BLANTYRE-(MaraviPost) – The Blantyre Magistrate Court this week, sentenced 35 foreigners and Malawians to 18 and 12 months with hard labor, respectively for illegal logging in Lengwe National Park, in the Lower Shire district of Chikhwawa.
The convicts are two Chinese, 23 Mozambicans, and ten Malawians who were found guilty on three counts of entering into a protected area; conveying, possessing, and using prohibited weapons; and disturbing indigenous species in a protected area.
According to the Court records, the convicts were caught extracting Mopani trees from the National Park and exporting them to Mozambique for sale.
In his ruling, Chief Resident Magistrate Thom Longwe, gave the first offence to the 35, a 12-month custodial sentence, and ordered to confiscate the equipment to be given to Directorate of Parks and Wildlife and the Judiciary.
The confiscated equipment, valued at approximately US$500,000, included six tractors, a fork lift truck, a bulldozer, and a 30-tonne truck, a Land Cruiser, a Toyota Hilux, four motor bikes and a chain saw.
“The rest of the equipment should be sold by the sheriffs, and the money realized deposited into the National Wildlife Fund,” Judge Longwe ordered.
The 27 foreigners got 18-months sentences included – Xing Li, Shupei Zheng, Jose Manuel, Simao Fortunato, Hermenigildo Samuel, Harry Lucio, Haston Laiva, Jose Samuel, Danisen Gasani, Jonasi Chikalusa, Zakeyo Alnanza, Moneza Almalda, Stephano Kadendele, Jeremia Almando, Orasi Domingo, MacNiward Steve, Mateyo Simeone, James Timote, James Gerald, Bernado Lucas, Loti Fulaitoni, Tomas Agostihno, Juliao Mangira, Mfumu Kidi, Akimu Stephano, Kingsley Banda, Justine Lauli and Julio Fwambauone. The 18-month sentences are imprisonment with hard labour (IHL).
While those that received the lower sentence of 12 months are, Davite Epulani, Love Maiteni, Tenesi Isaac, Layo Kado Joao Abel, Augustine Philip, Tomasi Agostihno and Mikeyasi James.
Kate Moore of Lilongwe Wildlife Trust, observed that the equipment used in the criminal activities, reflected the scale of the operation in which roads, and paths, were cleared up to 5km from the Mozambican border, to extract the wood from deep inside Lengwe National Park.
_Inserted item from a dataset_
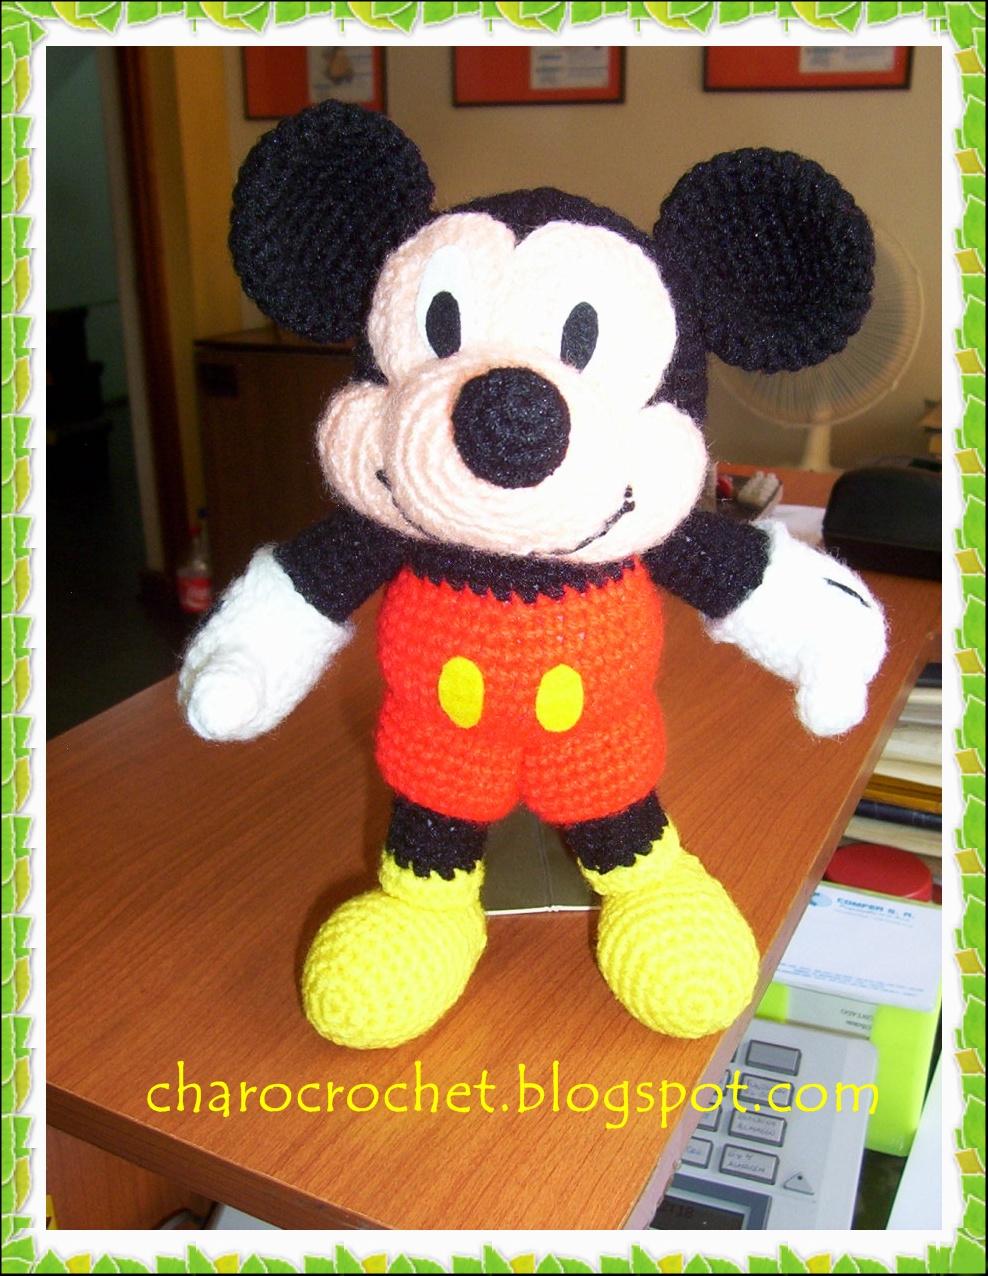 CHAROCROCHET PATRONES: MICKEY MOUSE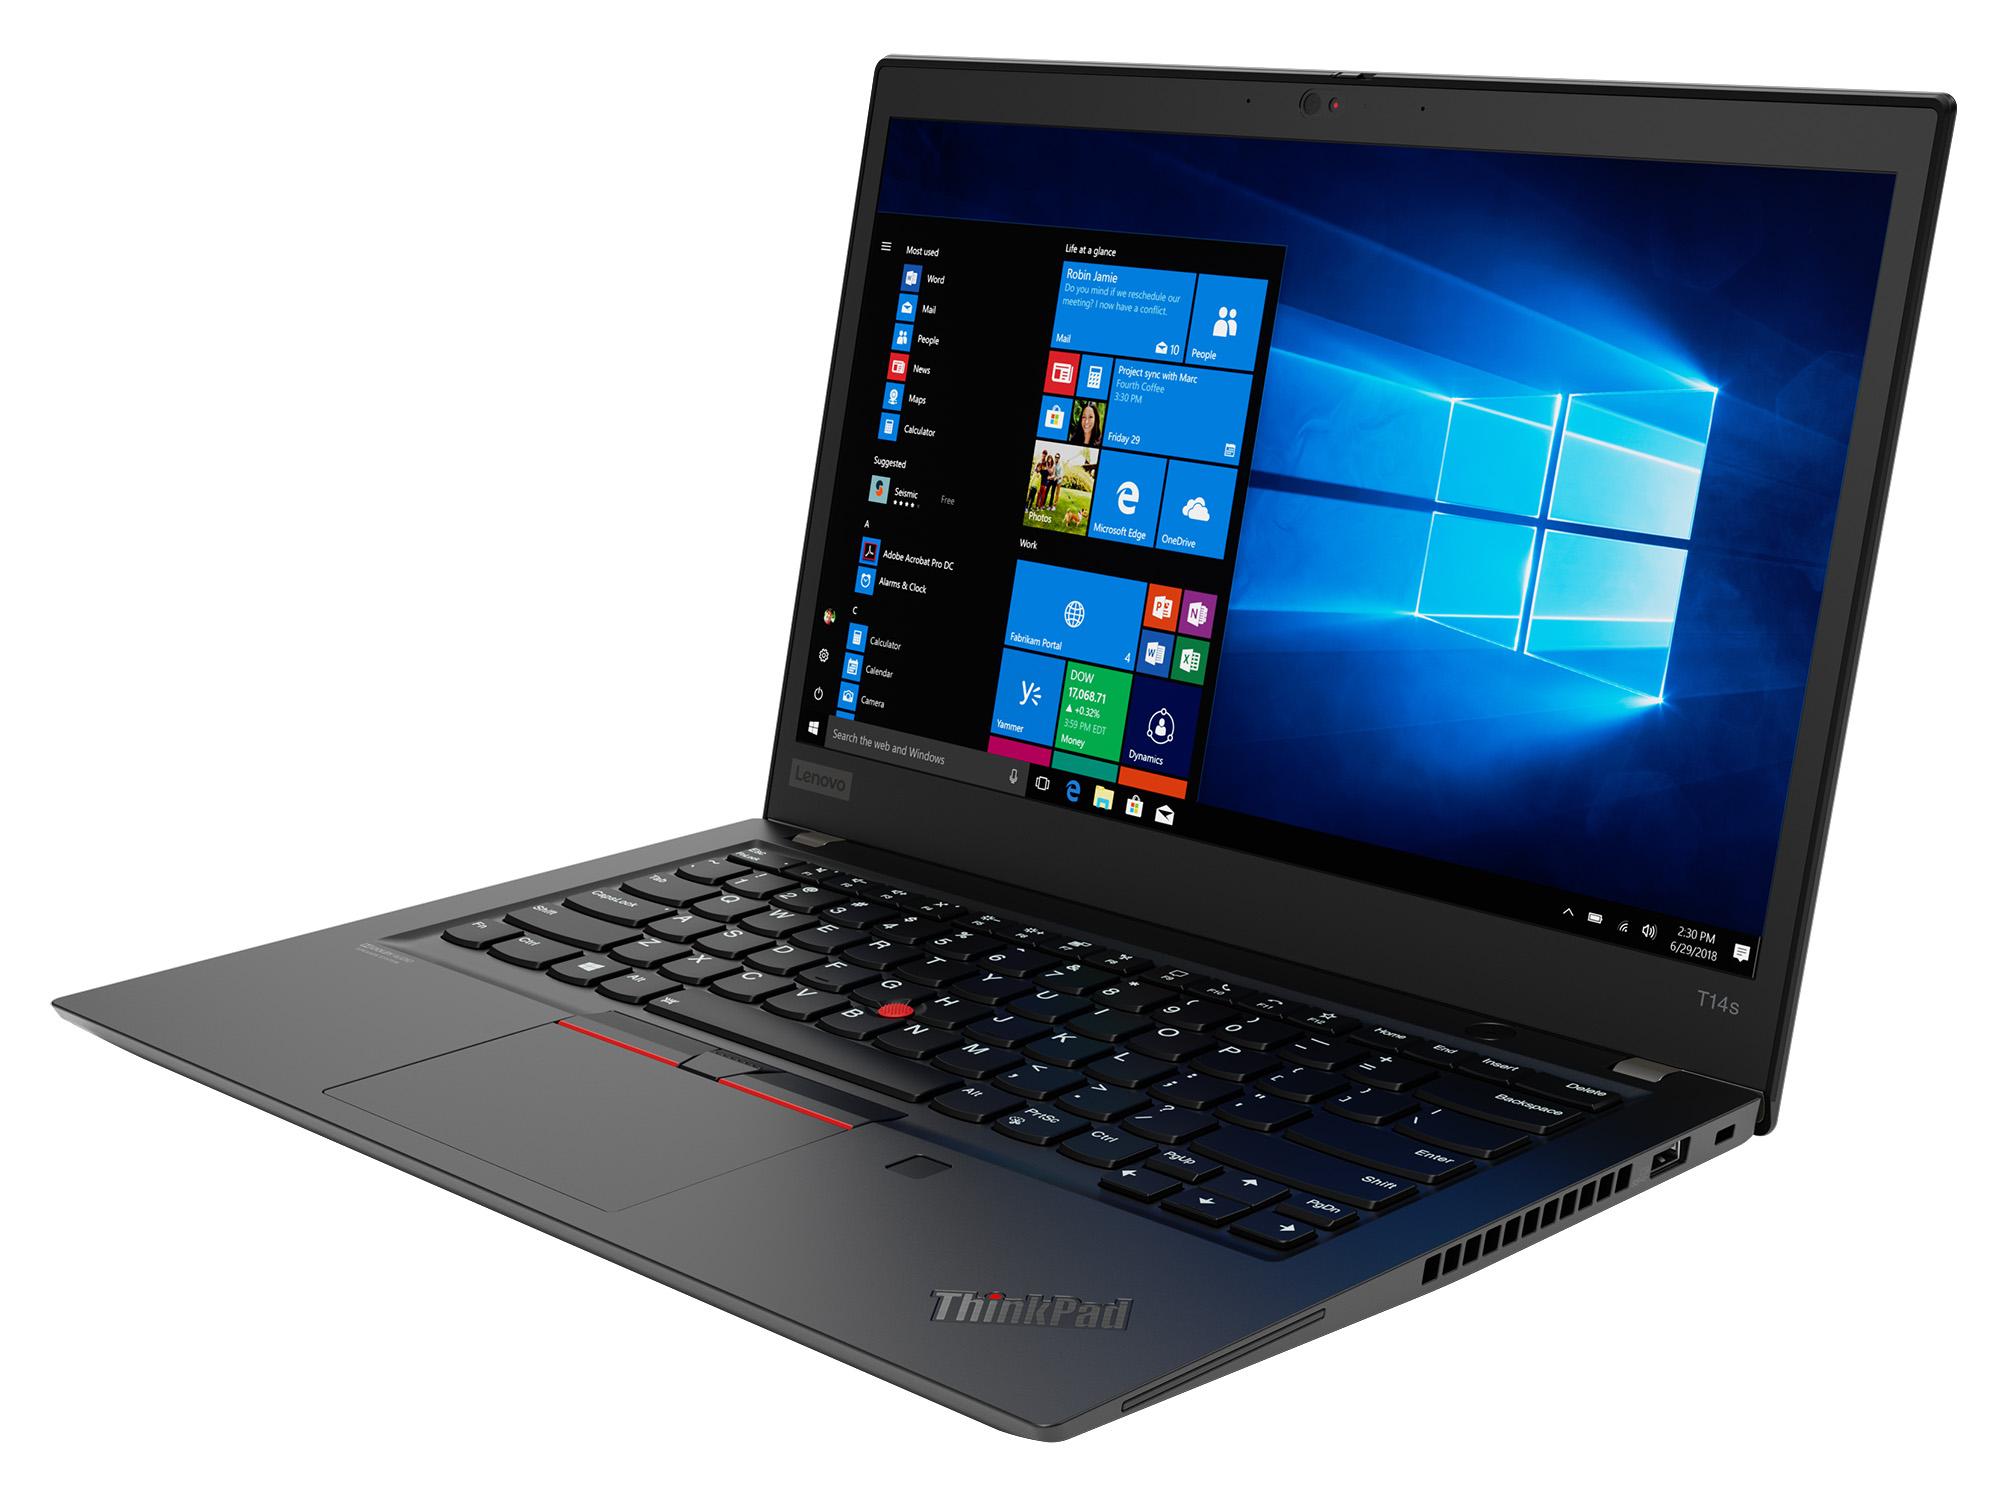 Фото  Ноутбук ThinkPad T14s 1st Gen (20T00015RT)

These activities, he cited, are causing substantial ecological damage.
Moore said an estimated 2000 hectares of woodland, equivalent to 2,440 football fields, had been deforested in 2016 alone, according to satellite imagery analysis of the immediate area around the arrest site in Lengwe National Park.
“Whilst the syndicate focused on large, high value Mopani trees, the associated disturbance, also destroyed the surrounding habitat of an important catchment area of the Shire River, including the loss of up to one million trees.
The roads had subsequently opened up the protected area to further degradation, and extraction from illegal charcoal burners and poachers,” Moore said.
Malawi has the highest rate of deforestation in the SADC region and one of the highest in the world.
Deforestation is a major contributor to soil erosion, river siltation, droughts, flash floods, and loss of biodiversity, which in turn, can lead to crop failure and poor human health.
Besides local demand for firewood, forests are being severely depleted by commercial logging syndicates operating illegally across Malawi in areas such as Chikangawa, Zomba and Dzalanyama.
The syndicate in question, was discovered in November 2016 by a group of seven scouts on foot patrol in the 88,000 hectare Lengwe National Park.
The new National Parks and Wildlife Act, critically amended with penalties of up to 30 years in prison, was not applied by the Courts in this case, since the date of the arrest preceded the amendment, which was passed by Parliament in January 2017.